Earlier a representative for the Nigerian Red Cross was unable to confirm the death toll, but said that at least 521 injured people had been evacuated by volunteer medical teams to city hospitals.
Shehu Sani, head of the Kaduna-based Civil Rights Congress told AFP by telephone from the city that observers from his agency had seen 50 dead and many injured in various parts of the city.
”The situation has further aggravated, there have been more burnings of churches and mosques,” he said. ”Initially the attacks were mostly by Muslims, but now Christians are retaliating.”
Reverend James Wuye, who represents an inter-faith group set up to broker peace between the communities, confirmed that a riot that began as a Muslim protest against a ”blasphemous” newspaper article was now a sectarian conflict.
”Last night there were reprisal attacks against Muslims in the northern part of Kaduna,” he said.

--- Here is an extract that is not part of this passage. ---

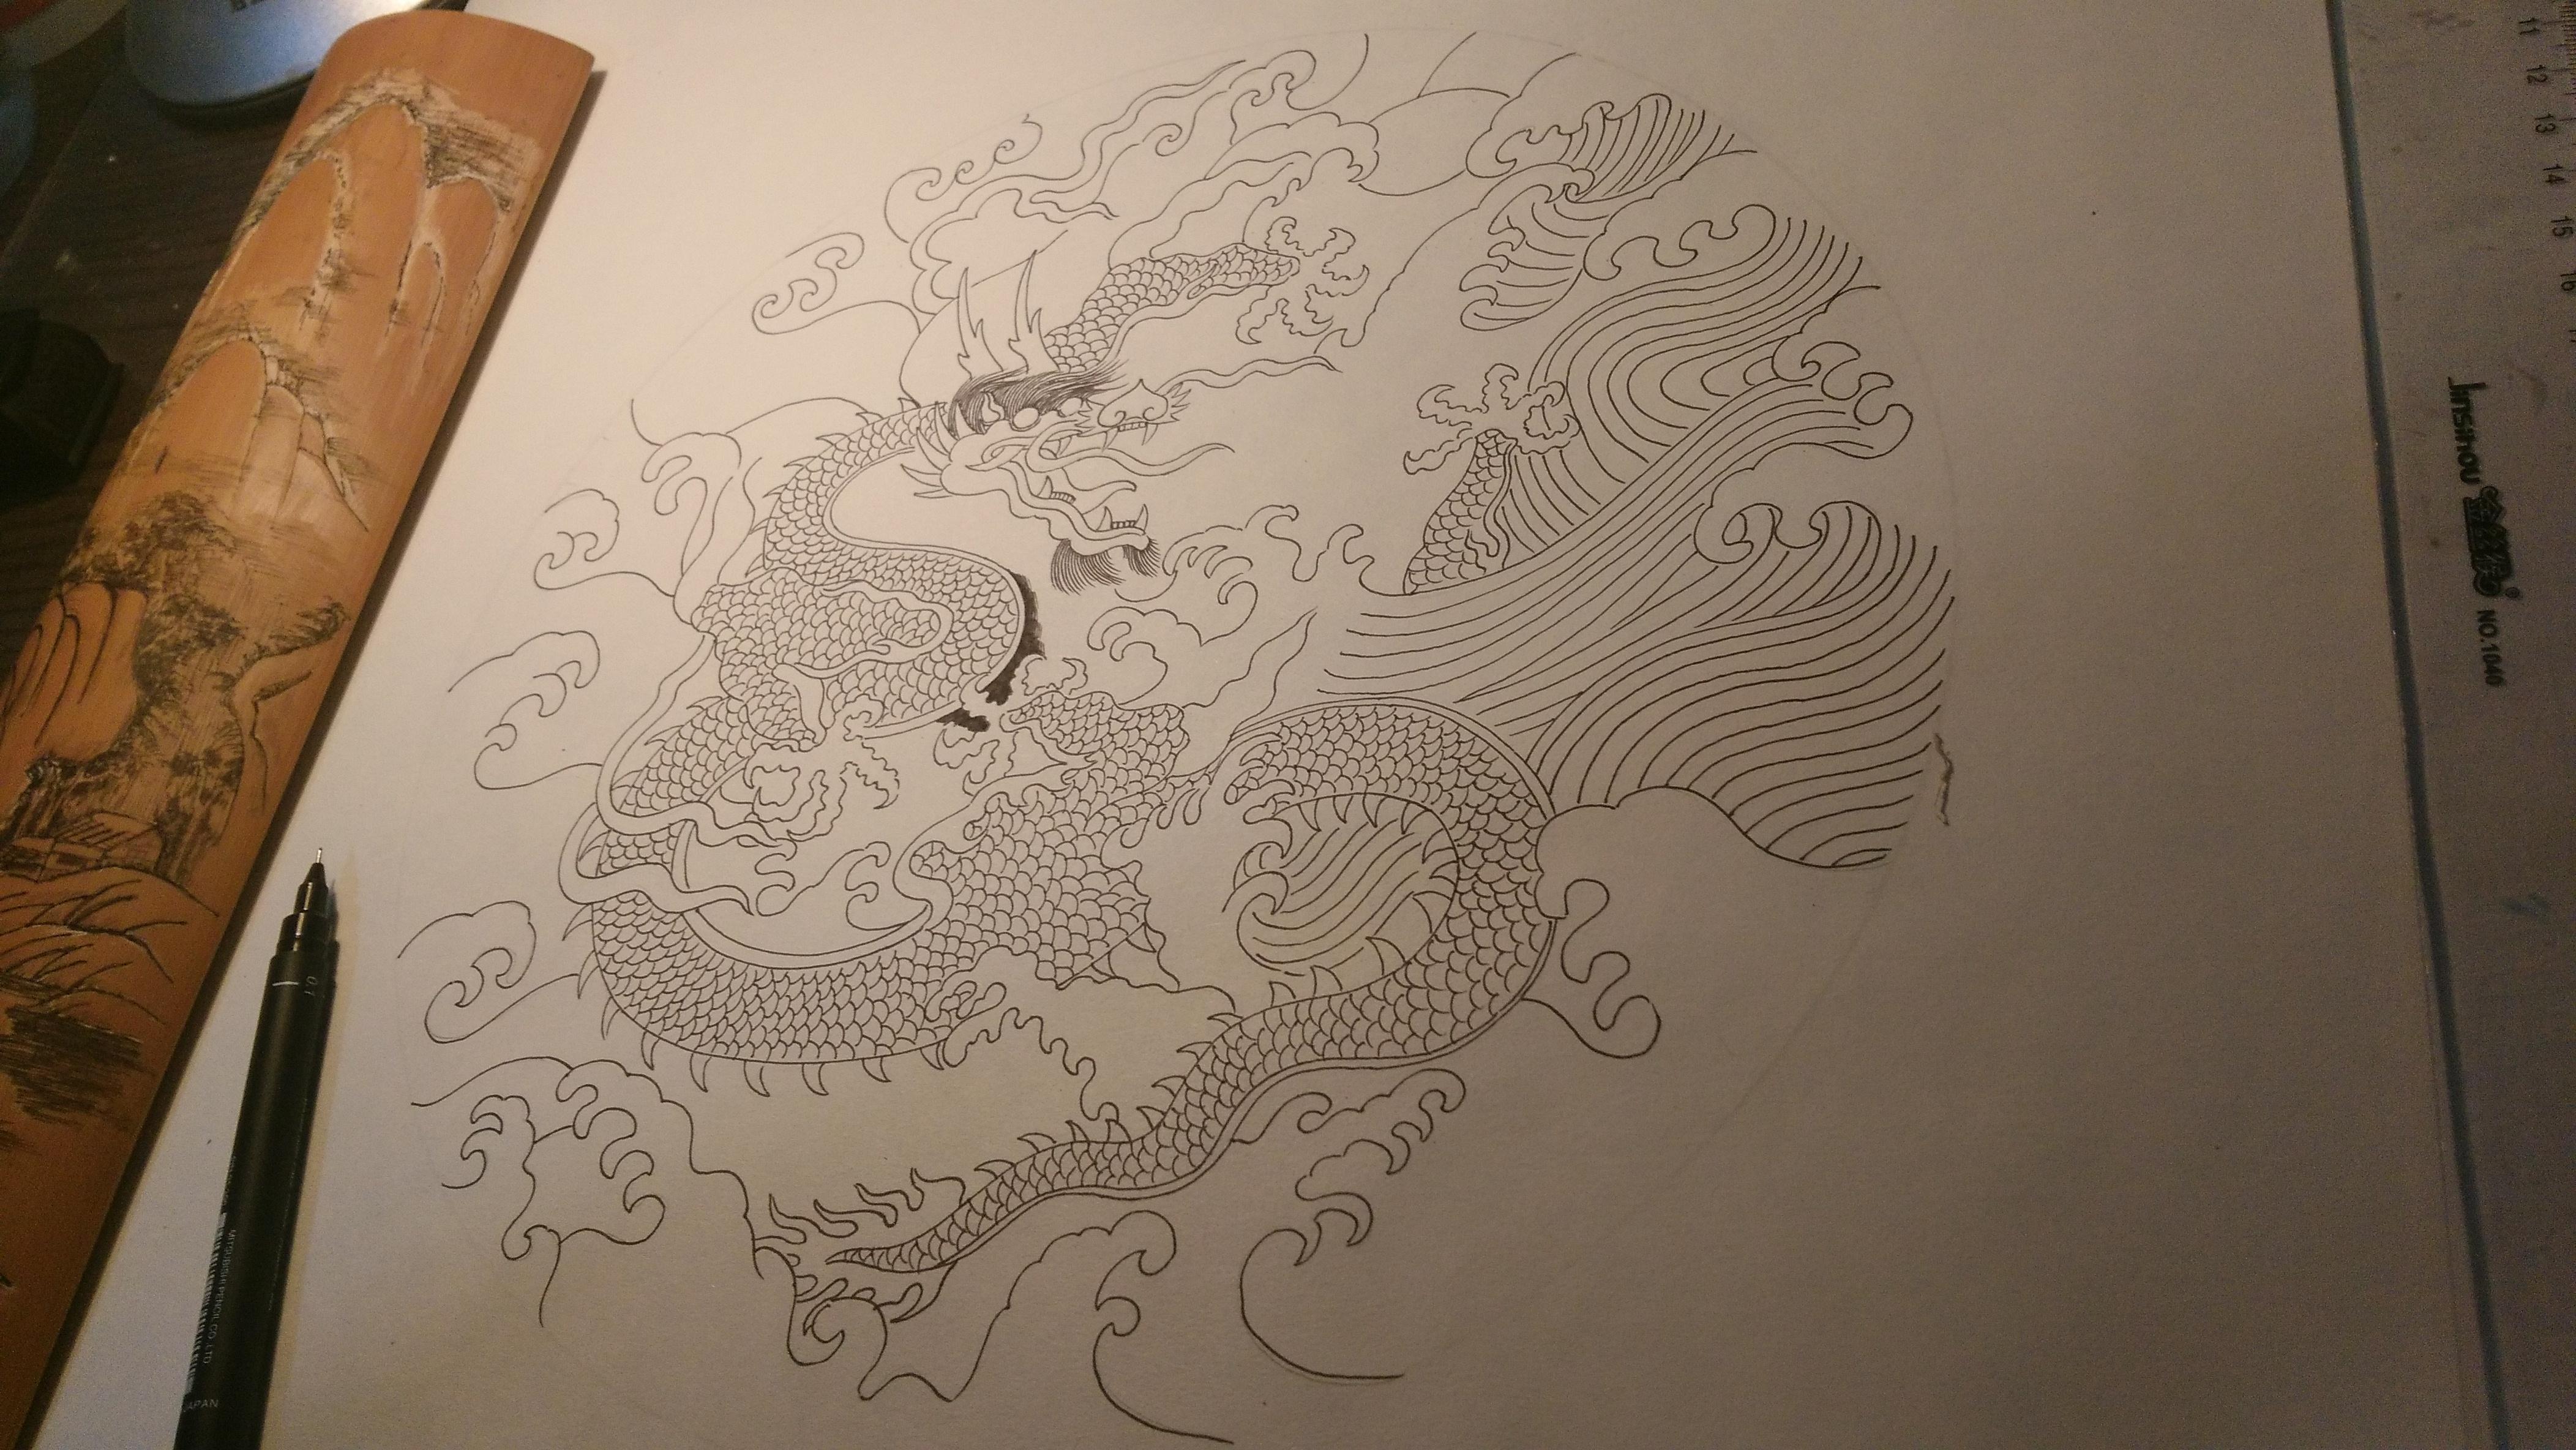 这是我选用明朝青花龙纹盘上的图案,运用钢笔画的形式进行设计创作图片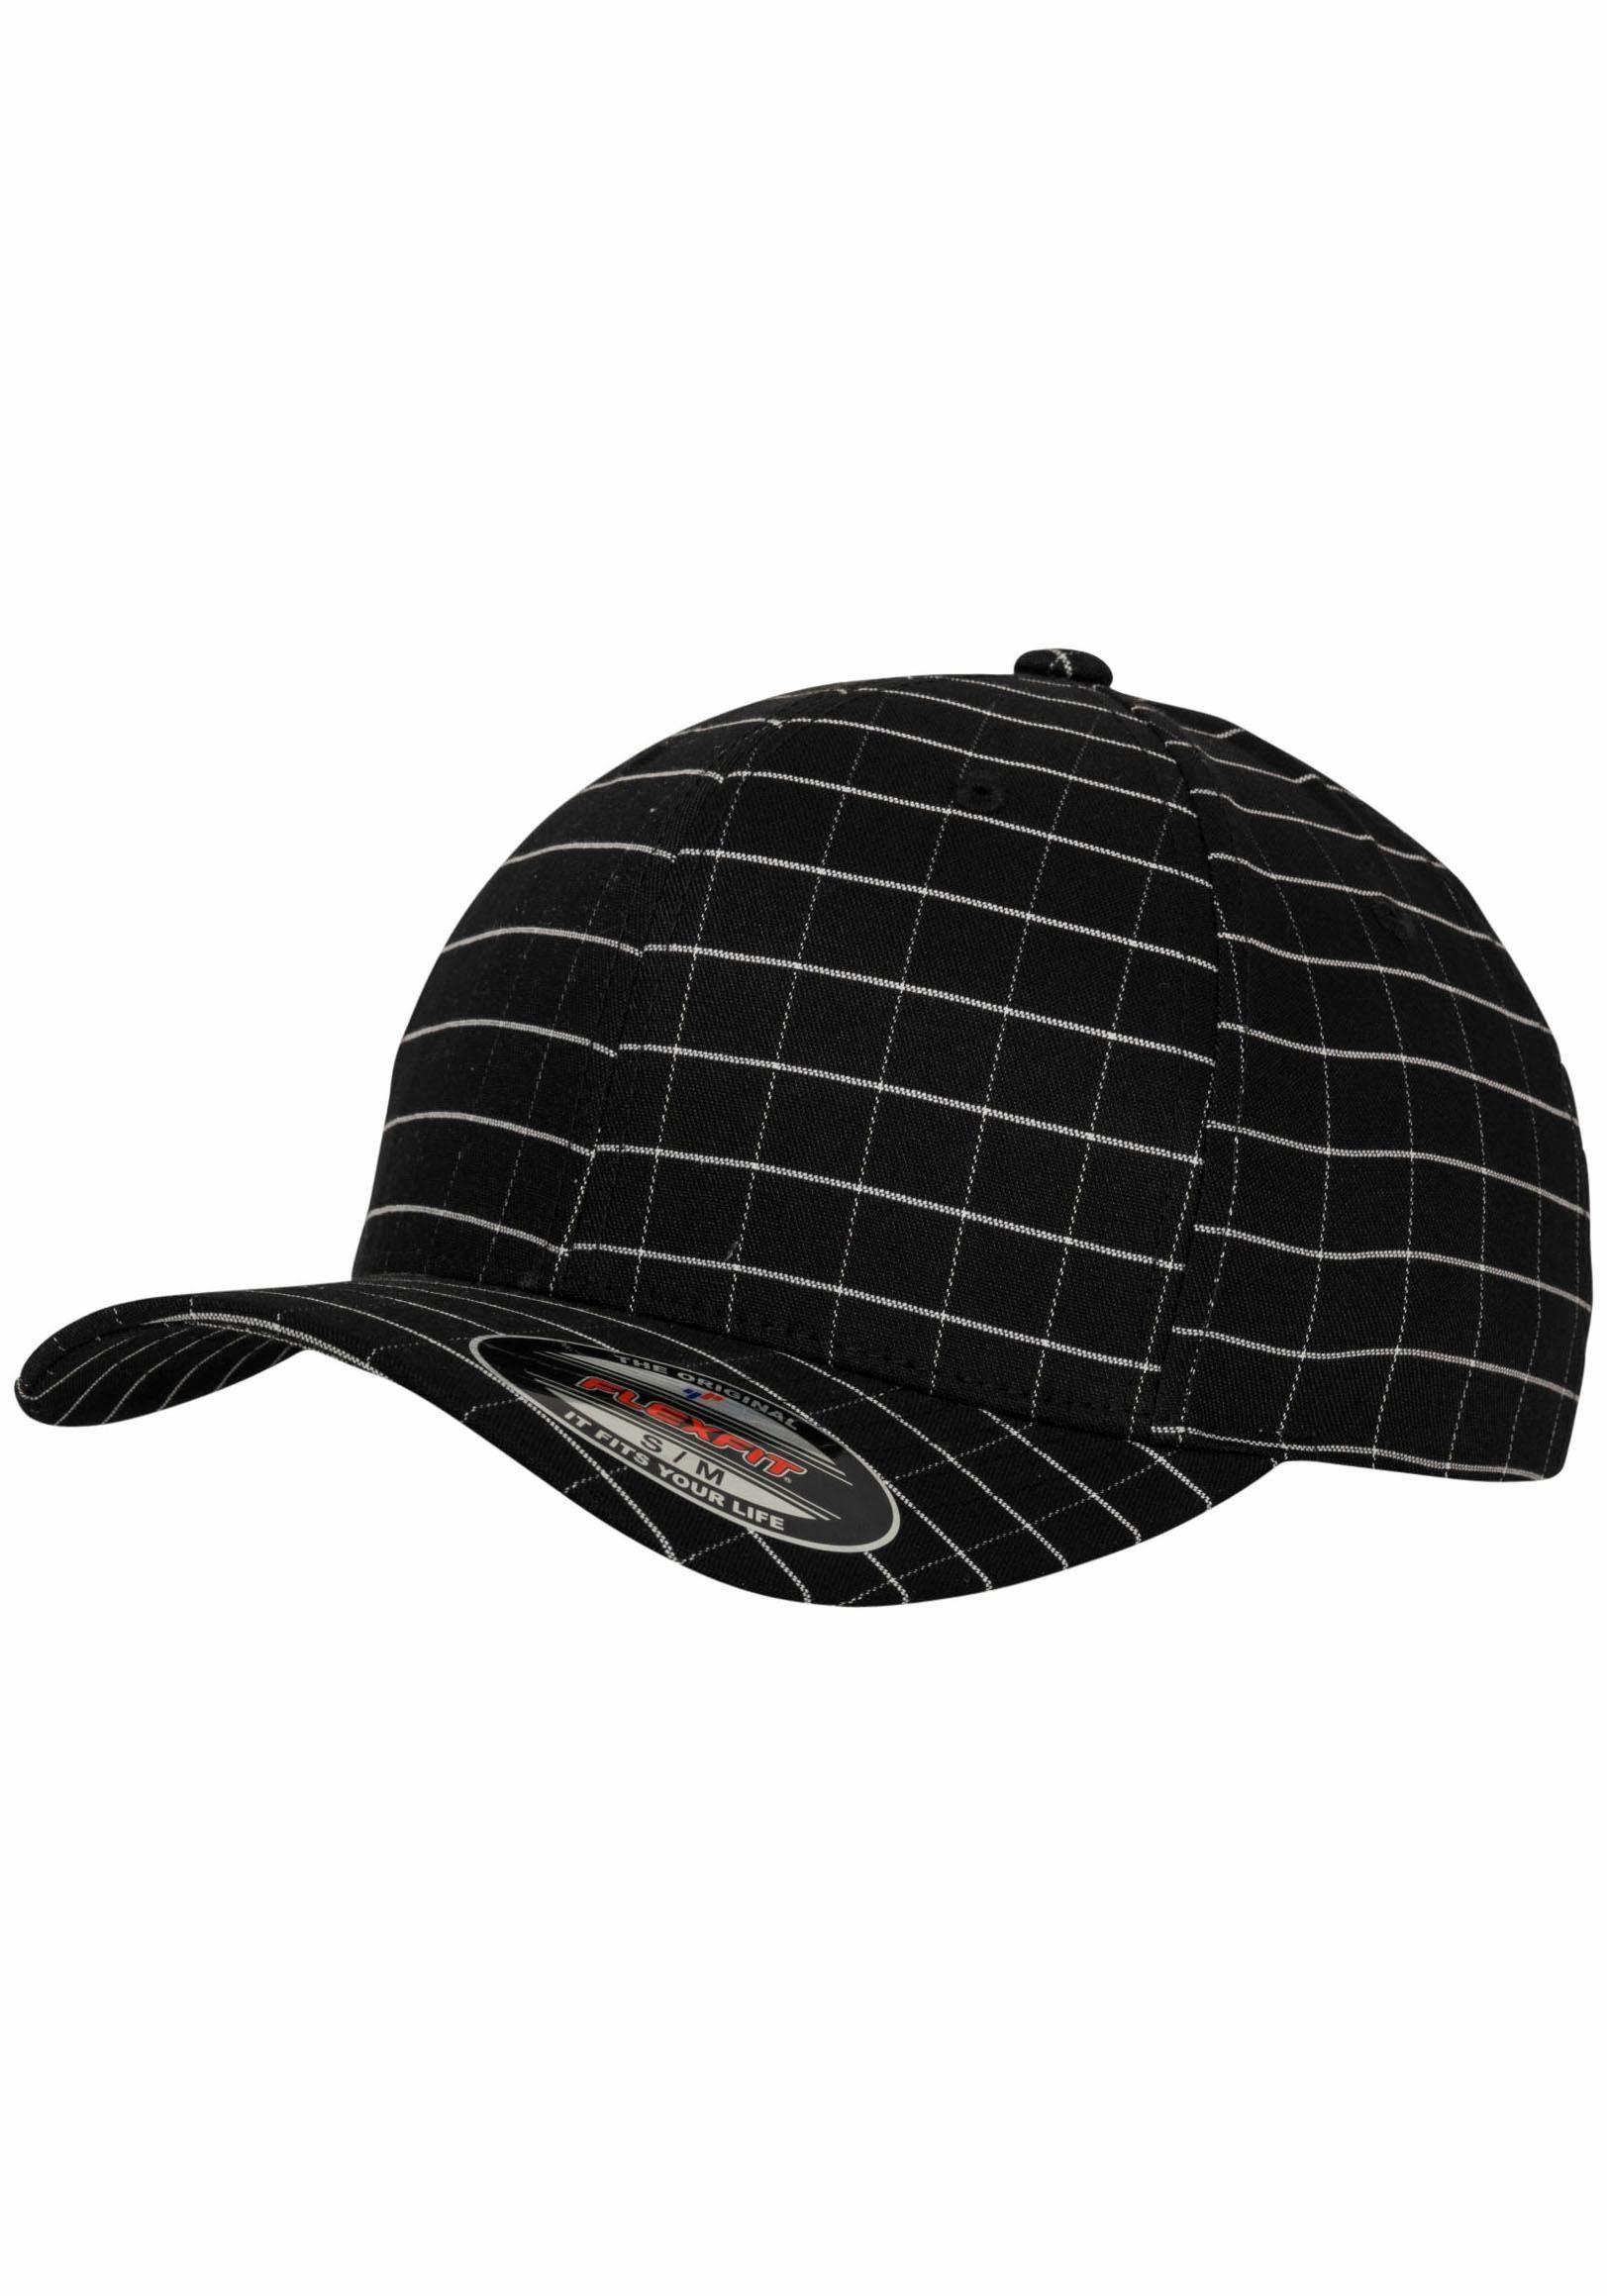 Flexfit Baseball Cap, Square Check Cap

”Now there is an uneasy calm. Religious leaders are meeting with the state governor this morning
to try and find a way to restore peace.”
All three officials said that a curfew due to end this morning had been extended through the day. Fighting broke out in Kaduna on Wednesday when Muslim youths protesting against an article on the Miss World Beauty pageant, which is due to be held in Nigeria on December 7, burned down a newspaper office of ThisDay newspaper.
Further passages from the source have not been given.